Getting ready for EBRT
Before your first radiation treatment, you will have a session to plan for the treatment. This is called simulation. During this appointment:
You may have imaging scans to help locate the cancer.
You’ll lie still on a table while a radiation therapist uses a machine to find exactly where the radiation will be aimed. The therapist may mark your skin with tiny dots of semi-permanent ink. These are used to aim the radiation at the exact same place each time.
You may have a plastic mold made of your body. The mold puts you into the same position for each treatment and helps keep you from moving during the treatment.
What to expect for your treatment
On the days you get radiation treatment, you’ll lie on a table while the machine is placed over you. The machine will move around you, but it won't touch you. Each treatment is much like getting an X-ray, only longer. Radiation treatment doesn't hurt.
On the day of treatment, you are carefully put into the right position. You may see lights from the machine lined up with the marks on your skin. These help the therapist know you are in the right position. The therapist will leave the room while the machine sends radiation to your tumor.

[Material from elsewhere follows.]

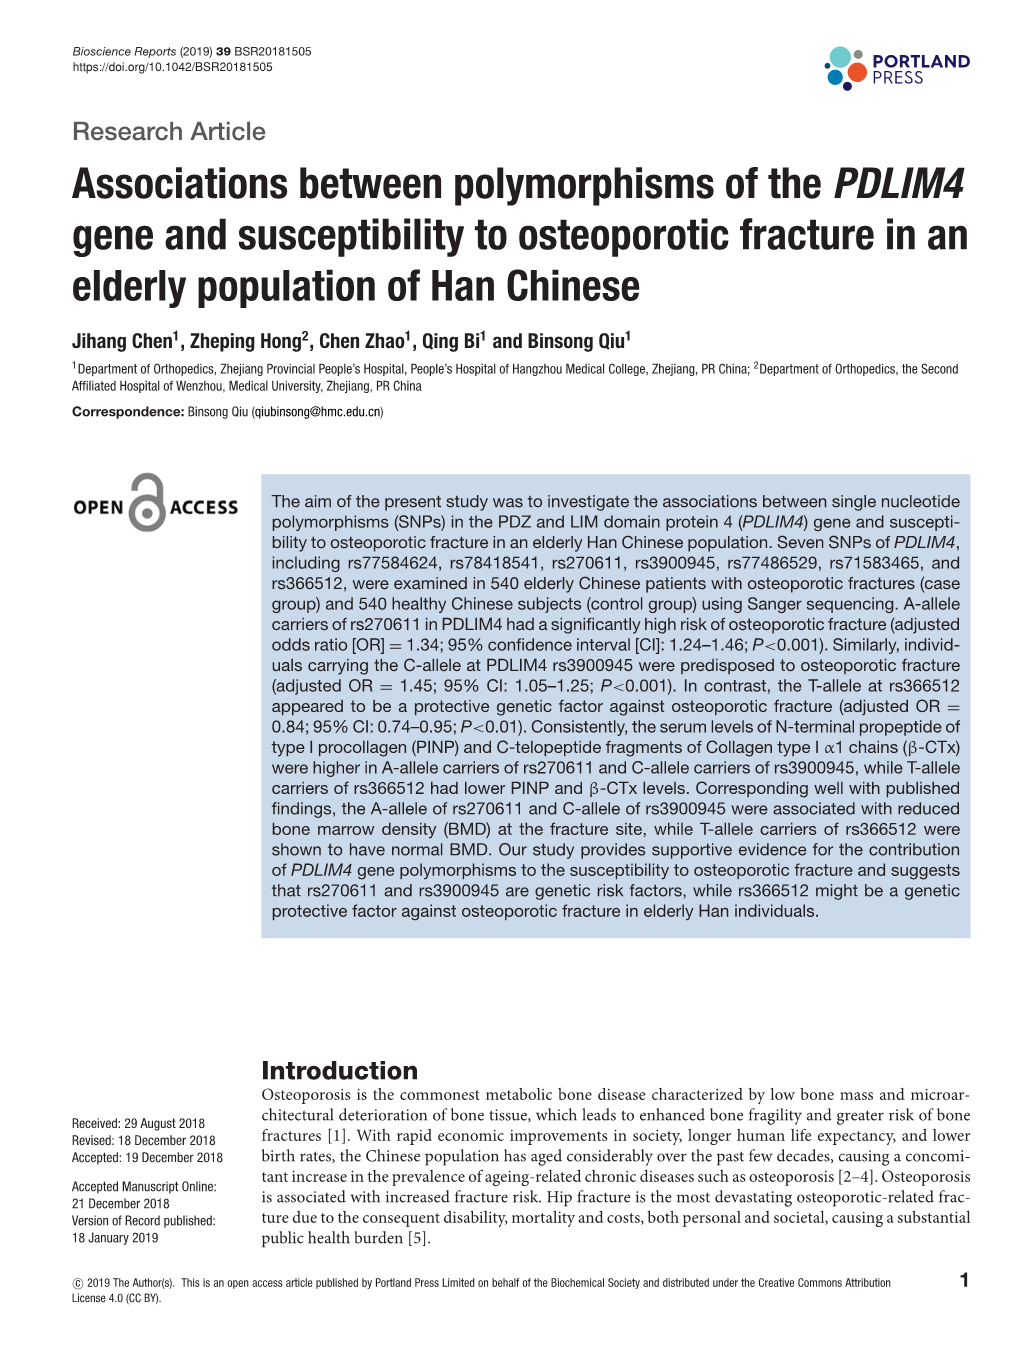 Associations Between Polymorphisms of the PDLIM4 Gene and Susceptibility to Osteoporotic Fracture in an Elderly Population of Han Chinese
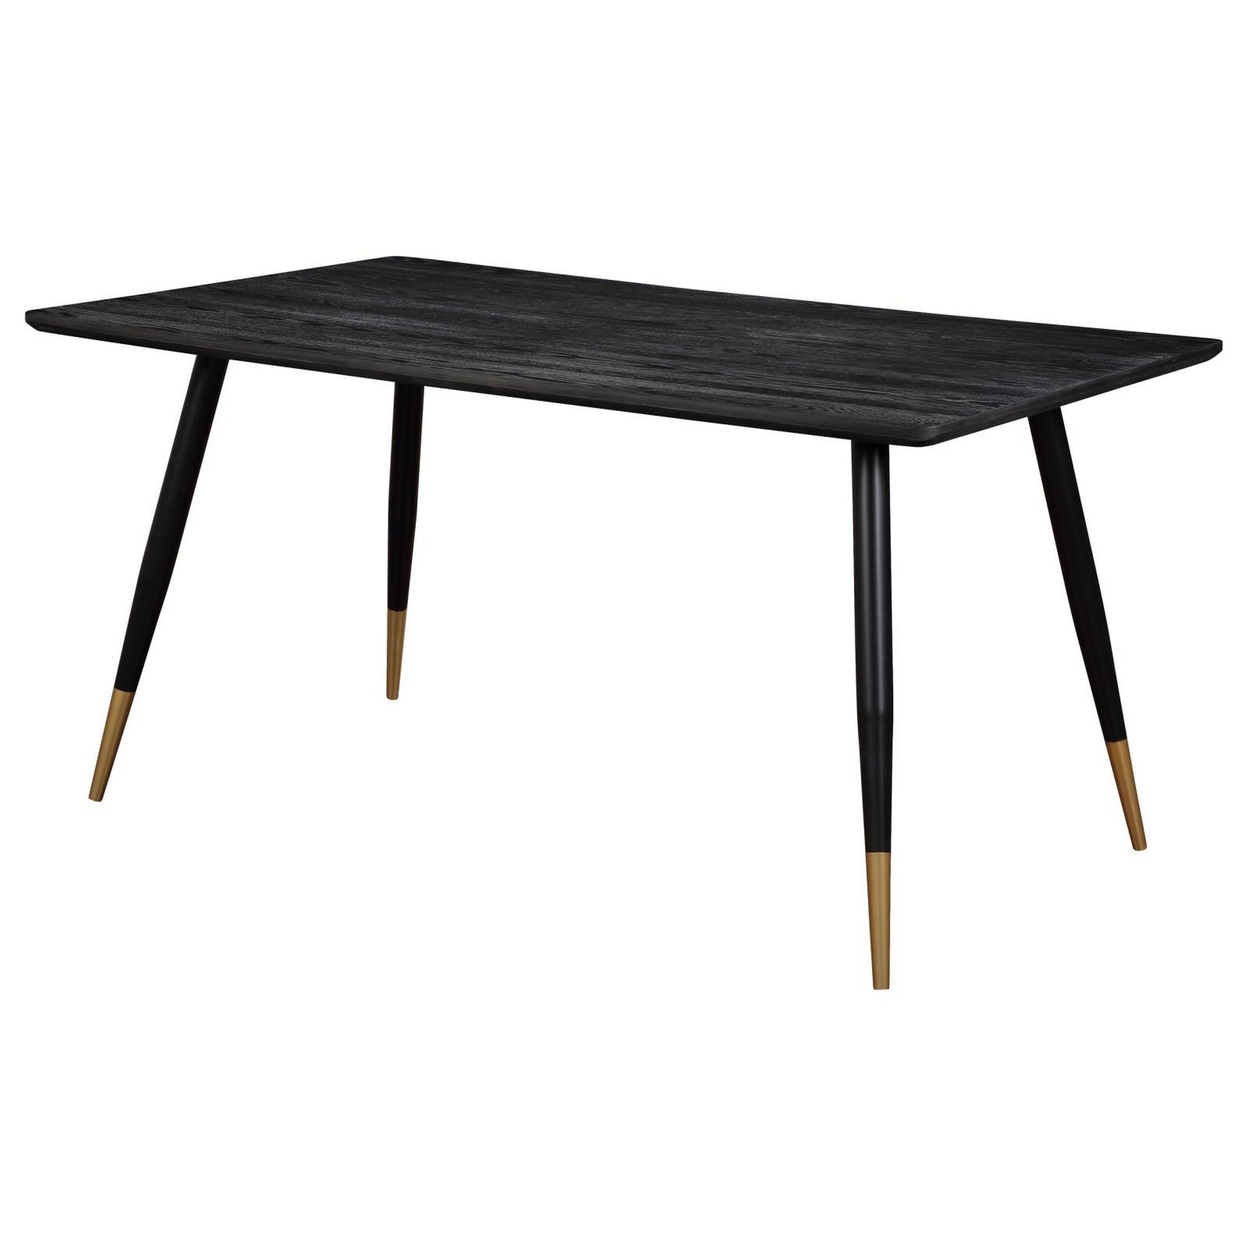 60 Inch Dining Table, MDF Tabletop, Rounded Metal Legs, Brass Accents -Saltoro Sherpi

During this time, he or she can see you, hear you, and talk to you. When the machine sends radiation to your tumor, you will need to be very still, but you do not have to hold your breath.
Side effects of EBRT
Radiation therapy affects cancer cells. But it can also affect normal cells. This can cause side effects. The side effects from radiation are usually limited to the area being treated. Some people have few or no side effects. But if you do have them, your healthcare provider may change the dose of your radiation or how often you get treatment. Or your provider may stop treatment until the side effects decrease or stop. Be sure to tell your healthcare provider about any symptoms you have.
Possible short-term side effects
These are some of the common short-term side effects:
Skin irritation, sores, or changes in areas that get radiation
Nausea or diarrhea (for radiation to the abdomen or pelvis)
Bladder irritation, which can make you feel that you have to urinate often. Or it may cause pain or burning when you urinate (for radiation to the pelvis).
Extreme tiredness (fatigue)
Low blood counts, as seen on a blood test
If you have any of these side effects, talk with your healthcare provider. Talk with your provider about the best ways to deal with them and how to know when they become serious. Often these side effects go away a few weeks after you stop getting treatment.
Possible long-term side effects
Radiation therapy can also cause some long-term side effects. The effects depend on where the radiation was aimed. This can be a special concern in treating bone cancer, which often affects children, teens, or young adults. These long-term side effects may include:
Slowed bone growth. Radiation can slow bone growth in children because their bones are still growing. For example, radiation can cause one leg to be shorter than the other. This is not as much of a concern in older teens or adults, whose bones are no longer growing.
Second cancers. Cancers are more likely to form in areas that have received radiation. These cancers may develop even decades after treatment.
Reduced fertility. Radiation to the pelvis can damage reproductive organs. This could affect fertility later in life.
Damage to other organs. Organs such as the heart or lungs might be affected by radiation to the chest.
Talk with your healthcare provider about what you can expect treatment to be like and the side effects you should watch for. Be sure you know now to get help any time, including after office hours, on weekends, and on holidays.